Thursday, February 23, 2012

A Chaotic Welcome

Nigeria believes in making a good first impression! 


Murtala Mohammad Airport in Lagos is such a joy, easily being one of the most confusing places in the world, where order clashes with chaos & technology with human ingenuity. Where logic comes cropper against whimsical bureaucracy, and where passenger comfort is as scarce as clothes in a porn flick. It's a fascinating place nevertheless - IF you can detach yourself from the surroundings and attain nirvana enough to watch everything uncritically. 


Normally, I love a bit of disorder - at some level it indicates a sign of growth where there is little time to make thing perfect through endless repetitions of the same routine. Things have to adapt to the new and simultaneously keep functioning, even if barely. 


Nigeria must be growing furiously.


Chaos/disorder is not just the preserve of Nigeria - most of the developing world is afflicted by it. A crush of poor humanity being served by insufficient resources rarely produce order. Apathy adds the devilish twists in the tale. Airports are just a part of the whole problem. 

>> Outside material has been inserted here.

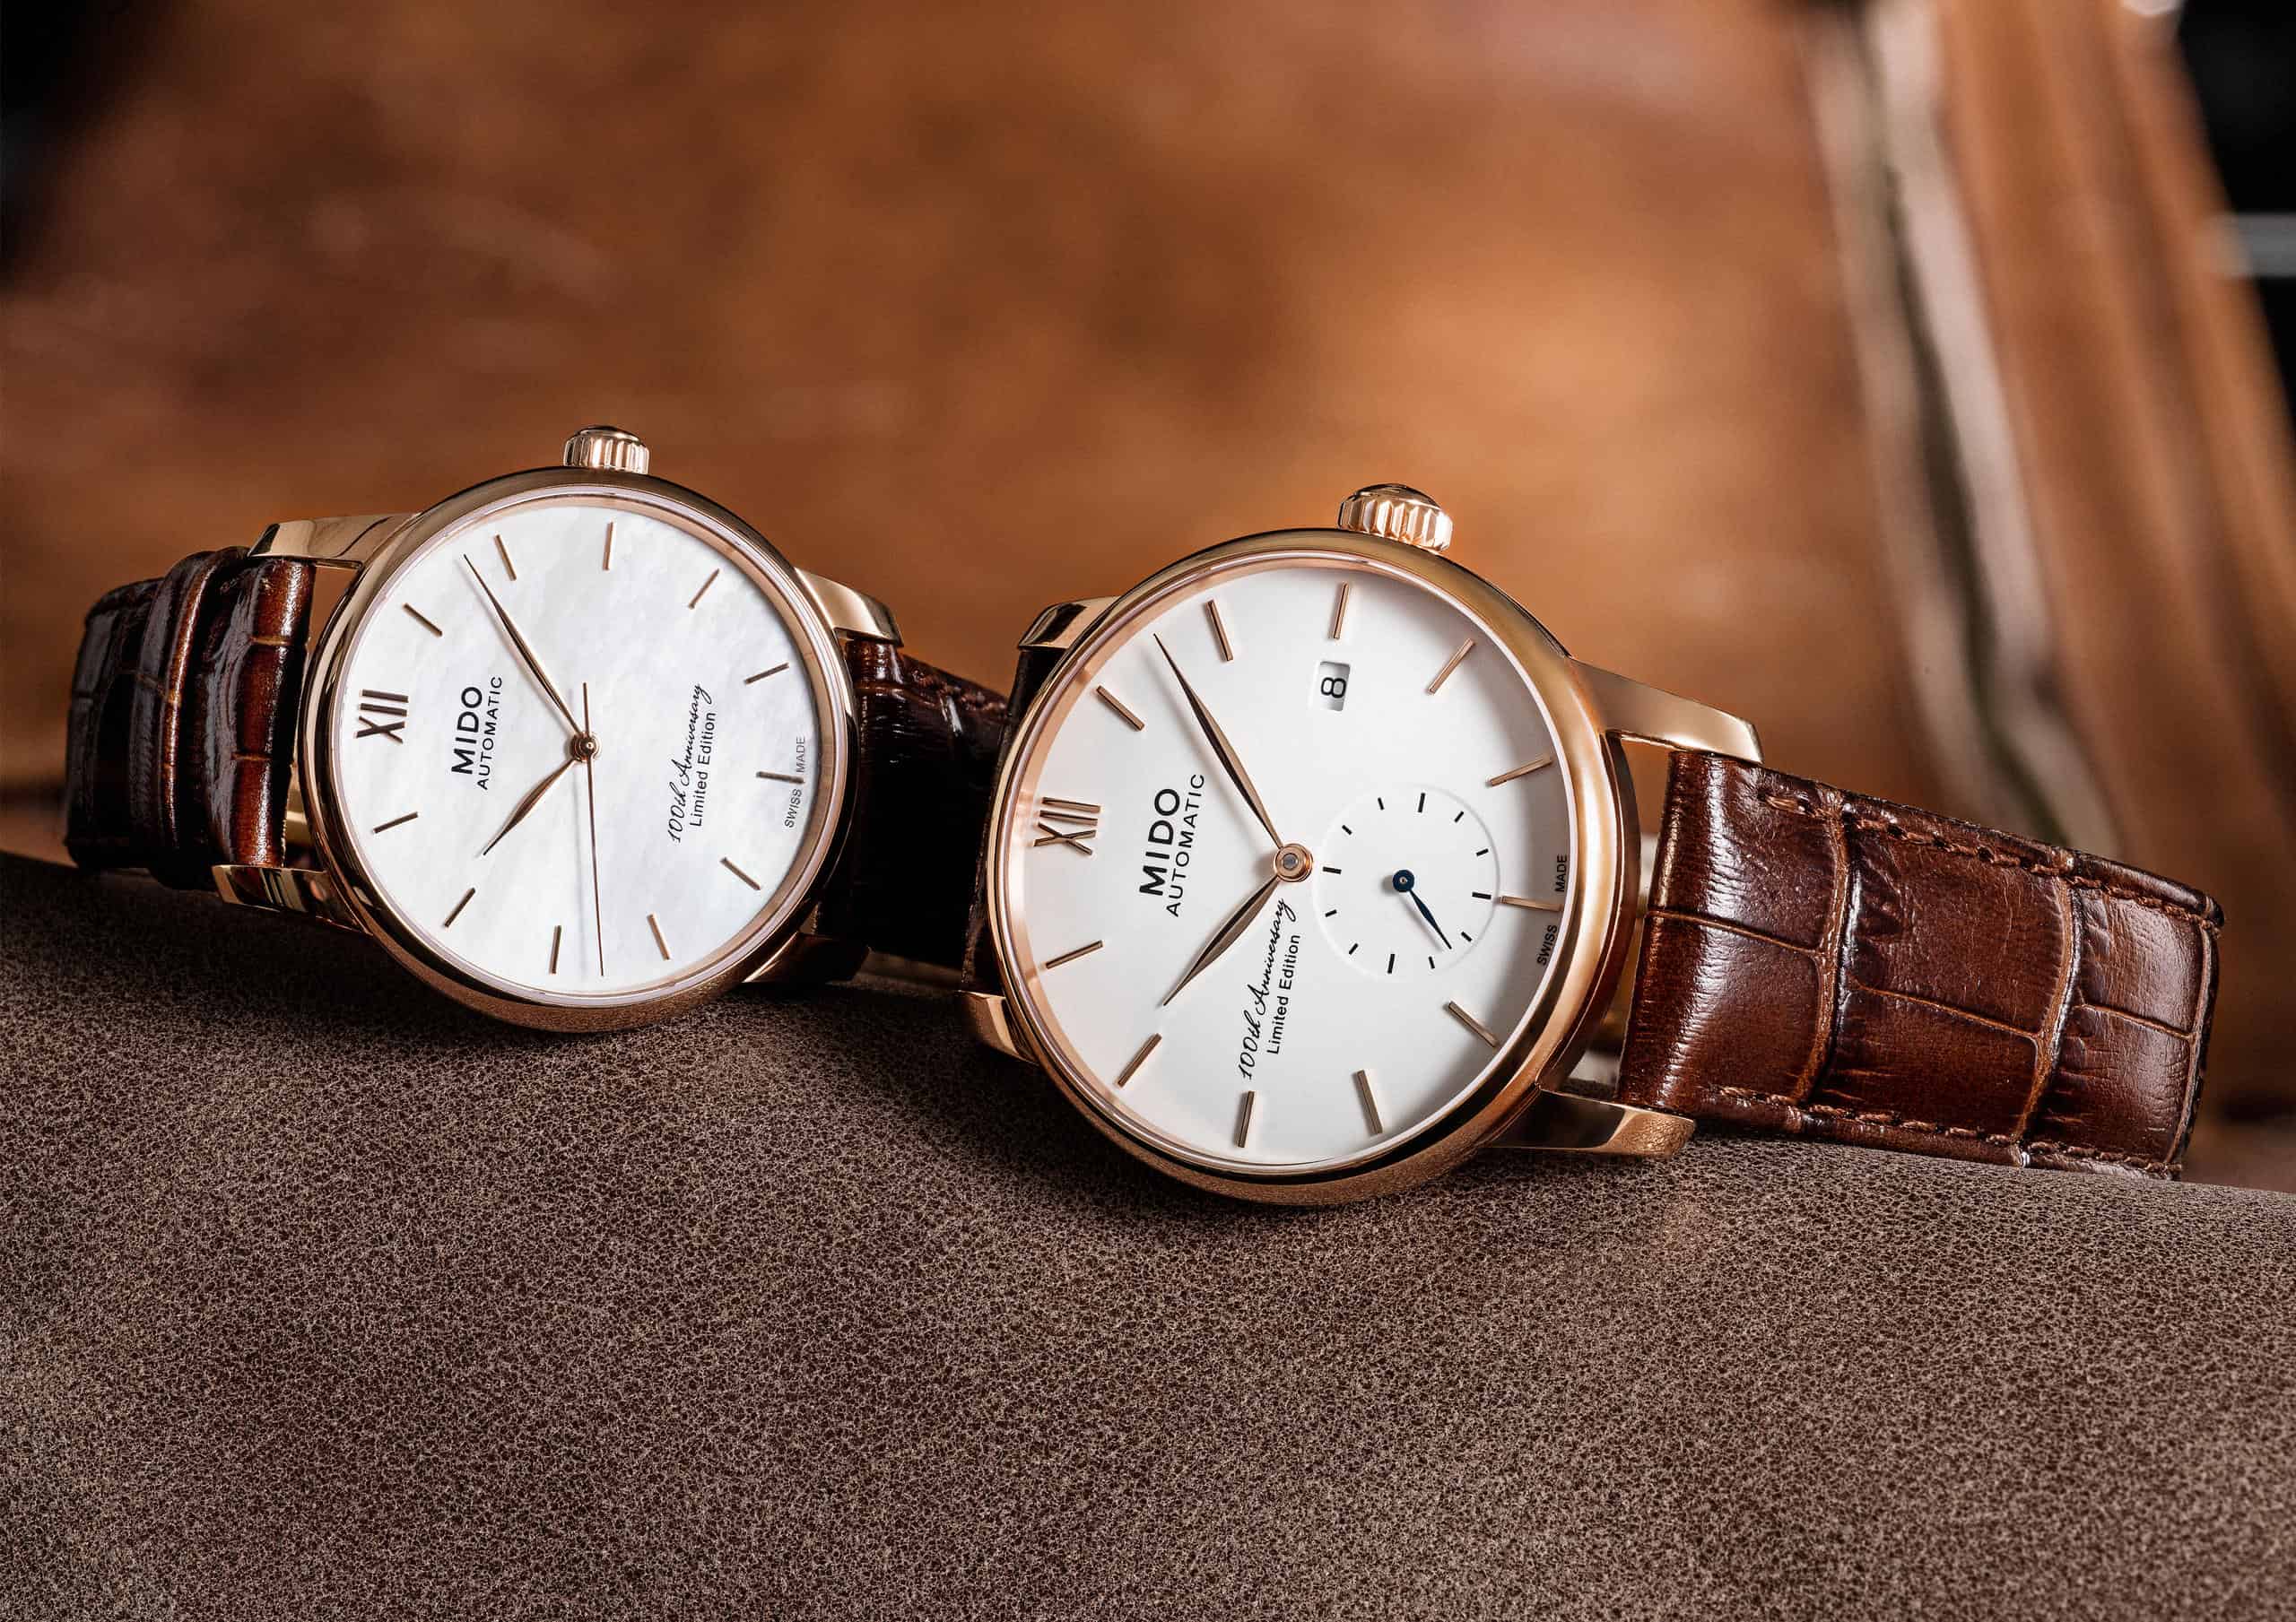 Introducing the Mido Baroncelli 100th Anniversary Limited Editions for Men and Women

A pattern begins to emerge after you have been through experience a few times. Some will strike you in the face even if you are not very observant:

  • Logic is for fools: most processes would amaze you with sheer stupidity. Lagos airport has two separate queues for Nigerians/Non-Nigerians, enforced strictly, but merge into one just before the immigration desk! Libreville (Gabon) visa-on-arrival process has 3-4 different people doing the same thing and managing to misplace documents with amazing regularity. Ivory Coast will fingerprint you scrupulously every time you pass through - not sure what they do with that data. 
  • Employment generation: seems to be the single aim of any process. Period. In Ghana, relatively well-ordered, 8 different people checked my passport before I reached the aircraft (5-7 people is normal). A Nigerian immigration desk has 3 people - one to look at your immigration sip, another to look through your passport and the 3rd to stamp it.
  • User comfort: Is a concept successively bred out of bureaucracy. After nearly de-clothing you in process of security check, they won't even provide a chair to sit yourself back in order. There would be some chairs, but a posse of security guards would be occupying it. Toilets would be on another floor. Walkways that go in just one direction if at all. Boarding gates that would change without notice. The works!
But what makes up for all this is friendliness and helping attitude of ordinary people. Most would be unfailingly polite, courteous and quick to lend a helping hand. And if you are willing to tip, everything is possible.

Let's raise a toast to these ordinary folks! May you get what you have spent a life-time hoping for. And not succumbing to pressures of simply surviving.